Only the hall light is on at home. Isaac’s civilised feet go quietly up the stairs. Then Chloe hears her mother suppress a gasp, and come hurrying downstairs, and the whole house lights up and wakes as the thing becomes true again and bludgeons them each, four new people who have to hear it.
She hears Isaac begin to crack, answering Mum and Dad’s stunned questions. She doesn’t know how he can speak at all, through the knowledge that out there the night held—the two of them went—and saw—. Chloe feels skinned, flinching from the cruelty of the air. She sits held in one piece by her mother while the blows of what Isaac is telling fall again,
clumps and dumps of bad information that can’t be delivered gently.

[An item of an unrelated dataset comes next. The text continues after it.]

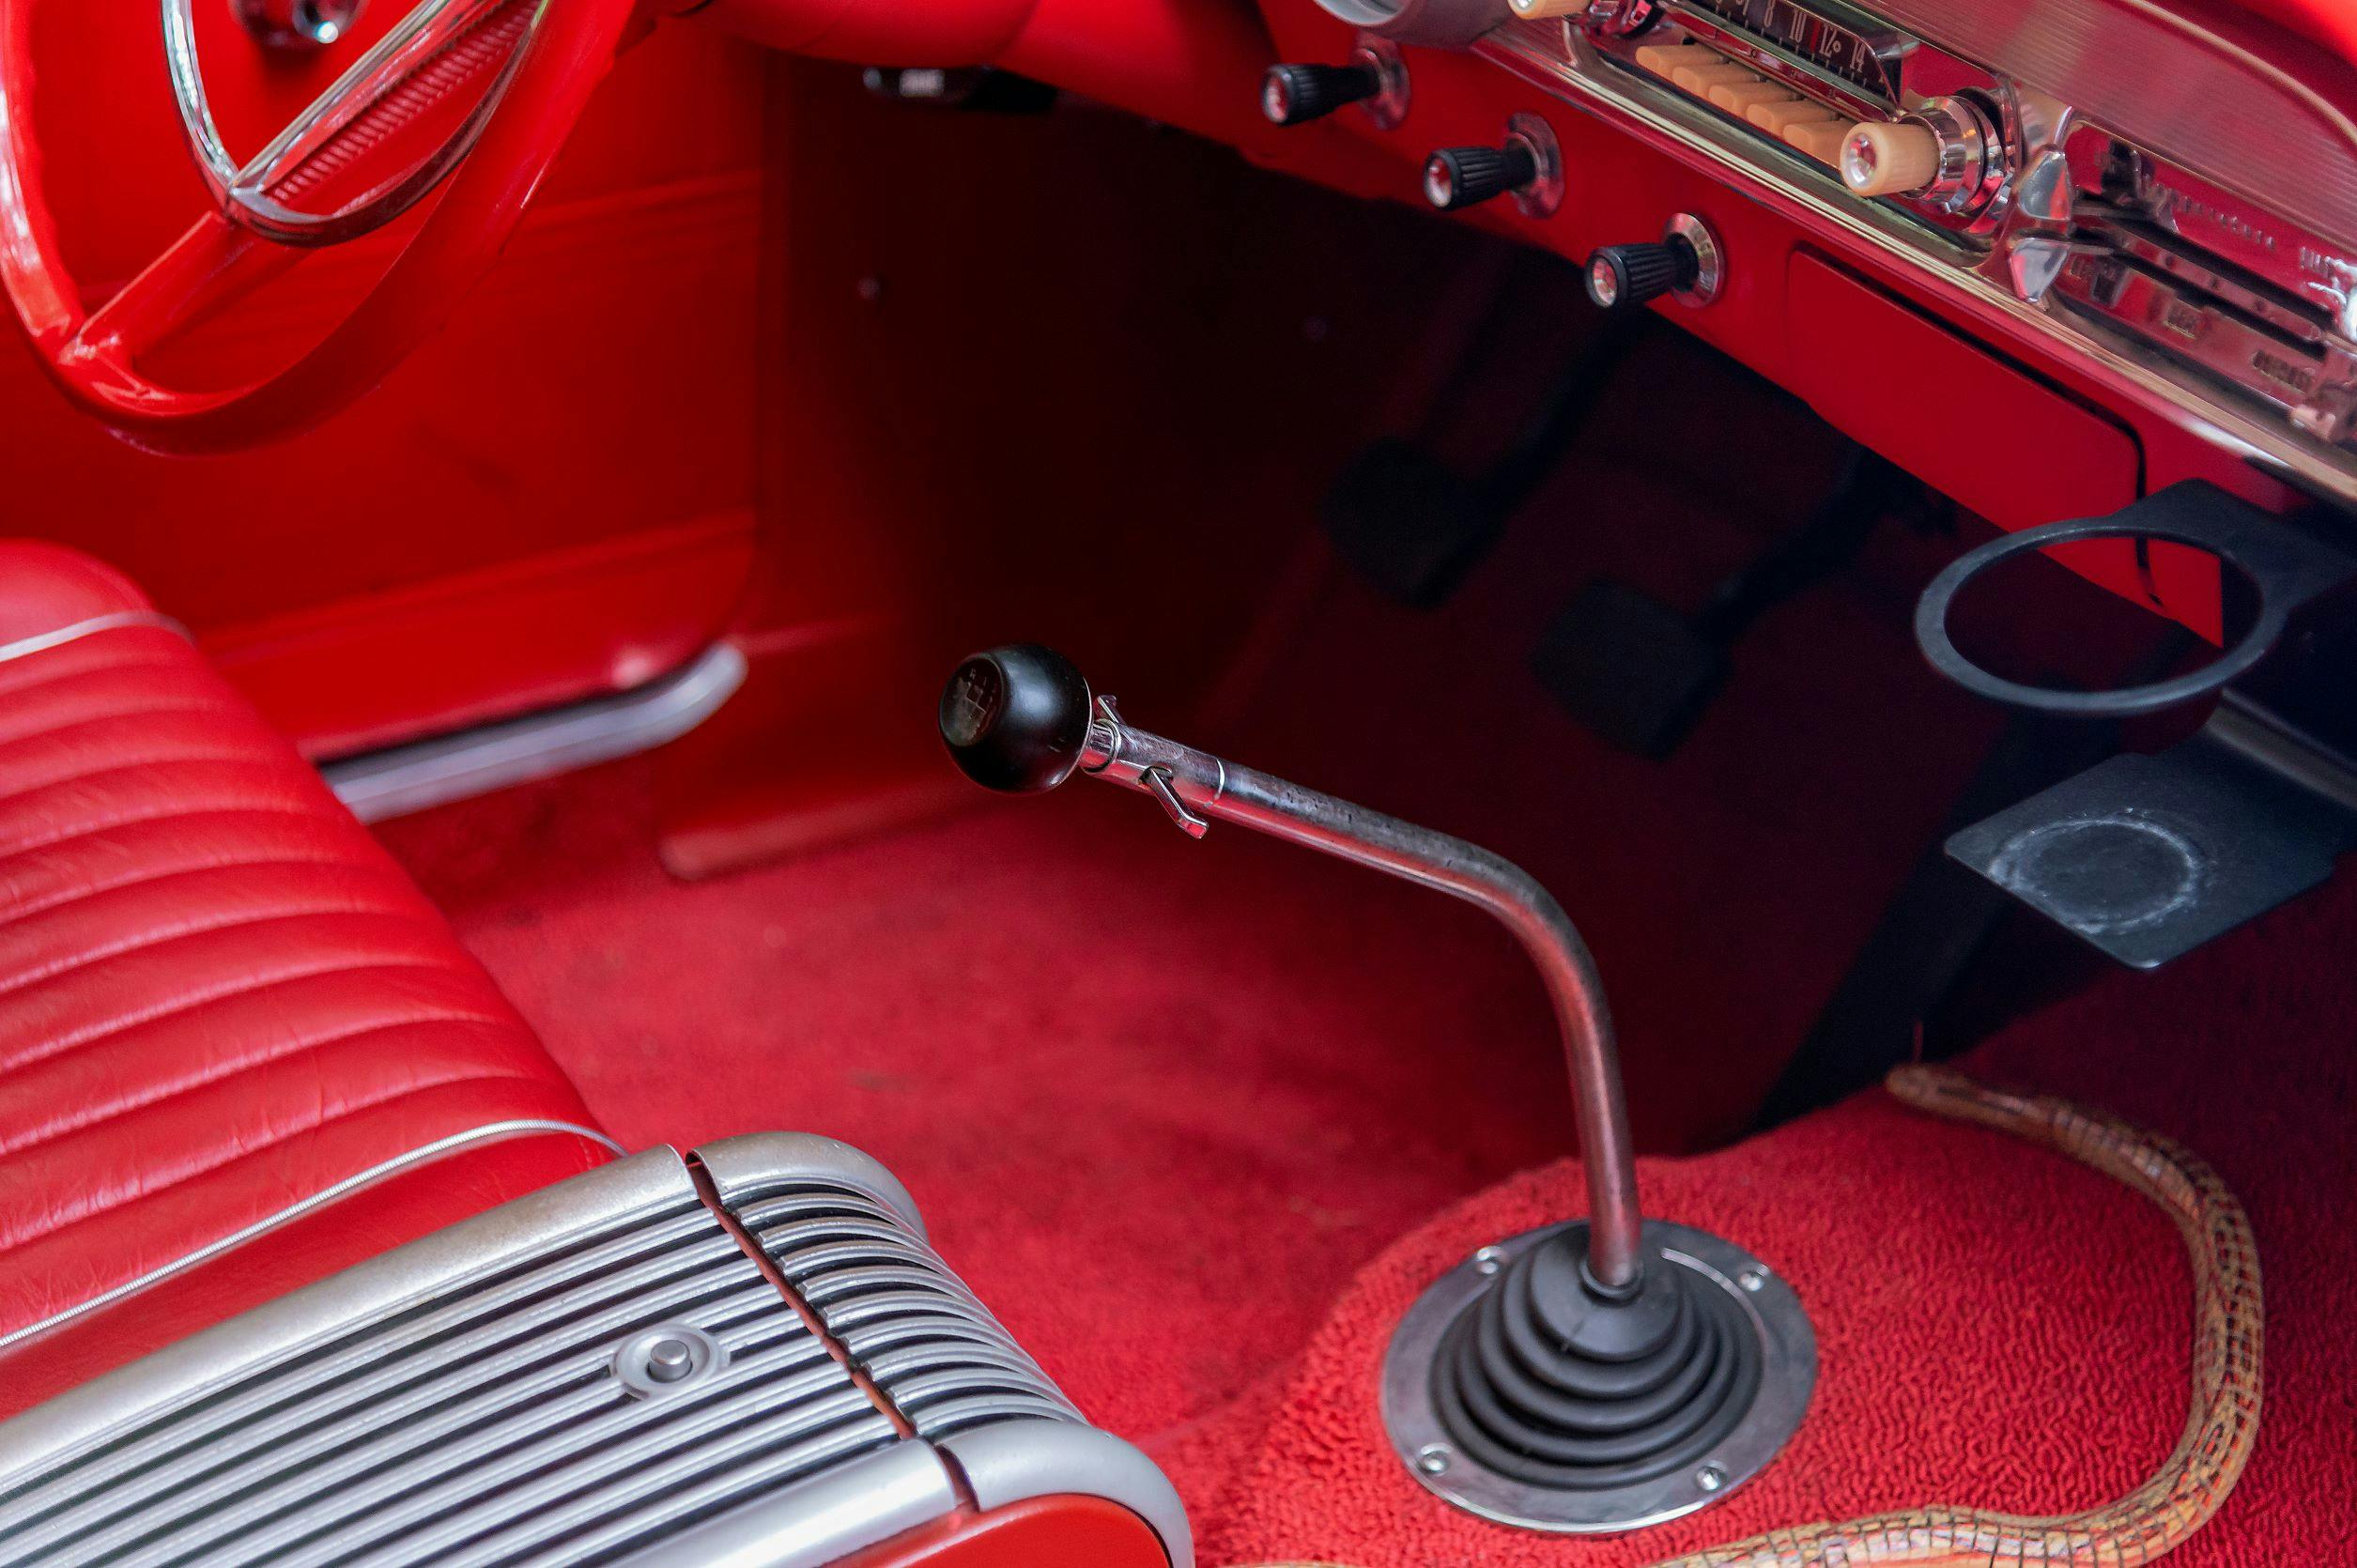 1963 Ford Fairlane 500 Squire Wagon interior stick shift
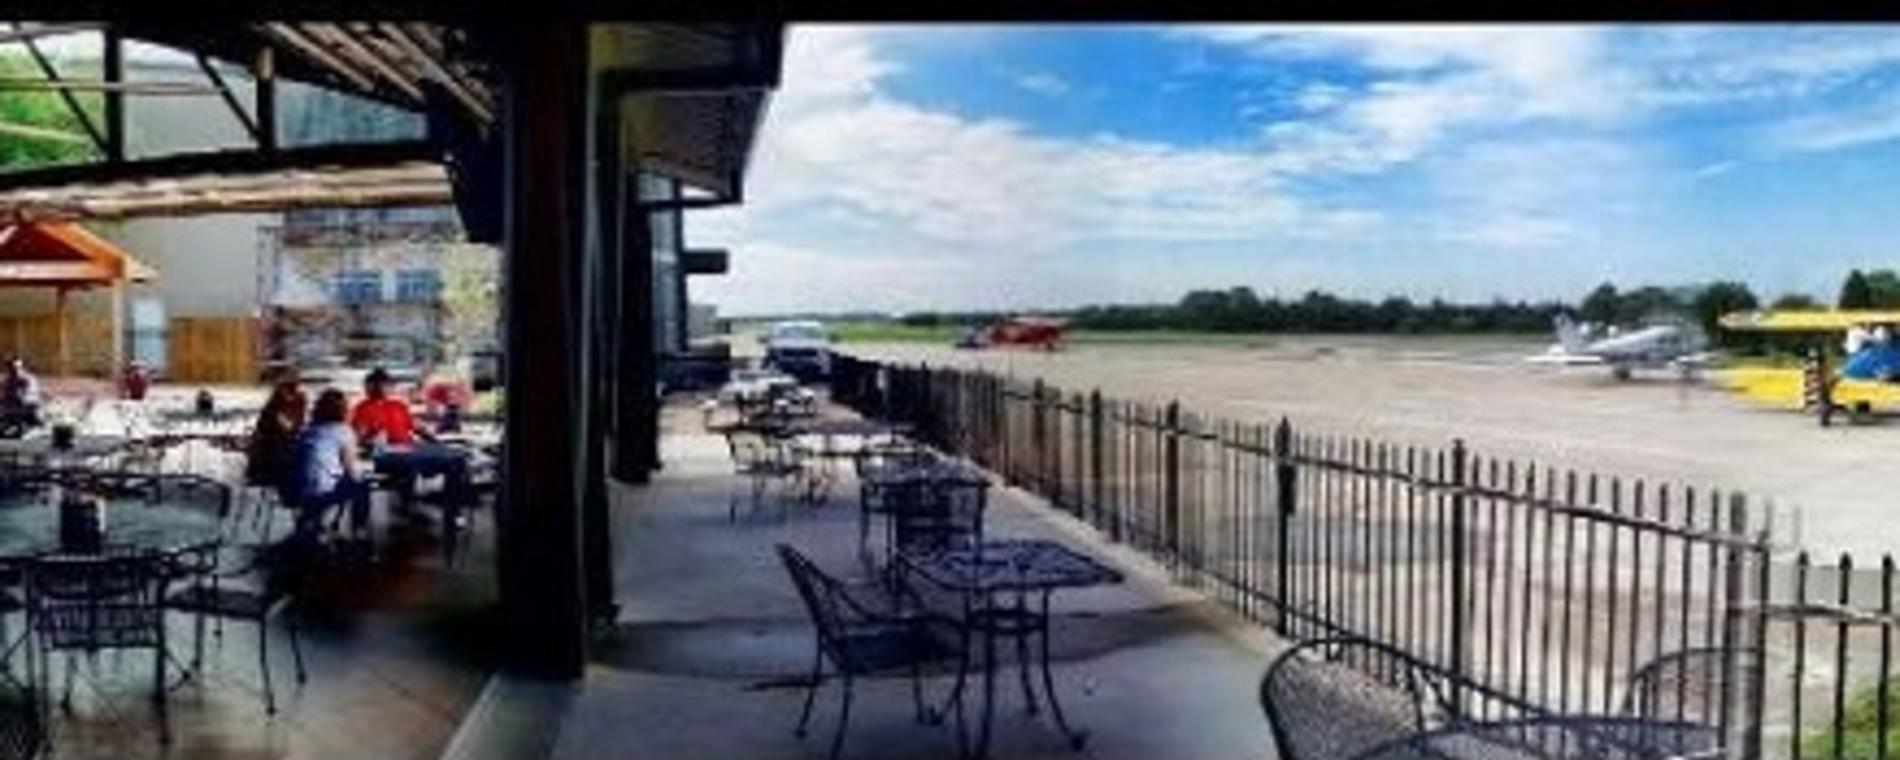 Stearman Bar/Grill Patio & Plane Visit Wichita

Nick’s eyes are wide and stunned; he has one arm around Pete next to him. Isaac’s face is hidden behind his big white knuckly hands—such grown-man’s hands, Chloe thinks in a daze, feeling baby-like and babied, wrapped in this house and family whose pain can’t ease hers by even the smallest degree, in a safety that in the end is a betrayal, because she isn’t armed against a night like this. Police, morgues, injuries—she’s gone along in all innocence, never dreaming these words might be used of Janey, but now that she looks back, of course they were coming—she should have seen them flapping like vultures over Janey all along, from way back in the schoolyard, and in a tall column spiralling up on the thermals of evil grotty heat from Janey’s house. All Janey’s life people had been drawing back from her, baulking, looking askance, doubting, being ‘concerned’, consulting each other—for
this
reason, that they are grown up and know, have seen, that these things can happen, in this world, now, to real people. They’ve seen the vultures, and they didn’t tell her. Or they did, sort of, by all that fuss and worry, but they never actually
made her listen,
made her understand, made her know too.
Here she is in her bed—recognisably it’s her bed, everything about it is real. It’s feelable, seeable in a kind of grainy light like the pre-dawn, only
creepy.
On the wall, as usual, hang the two costumes Janey made herself and Chloe for the Mardi Gras, but in this dream they clothe two sagging, white-haired, white-skinned Janey-corpses. Their heads slump in the feather and pampas-plume headdresses, the eyes open slits, the lips pulling back from their teeth. Where the skirts end, propped on the bookshelves, the Janeys’ hands death-grip the wood.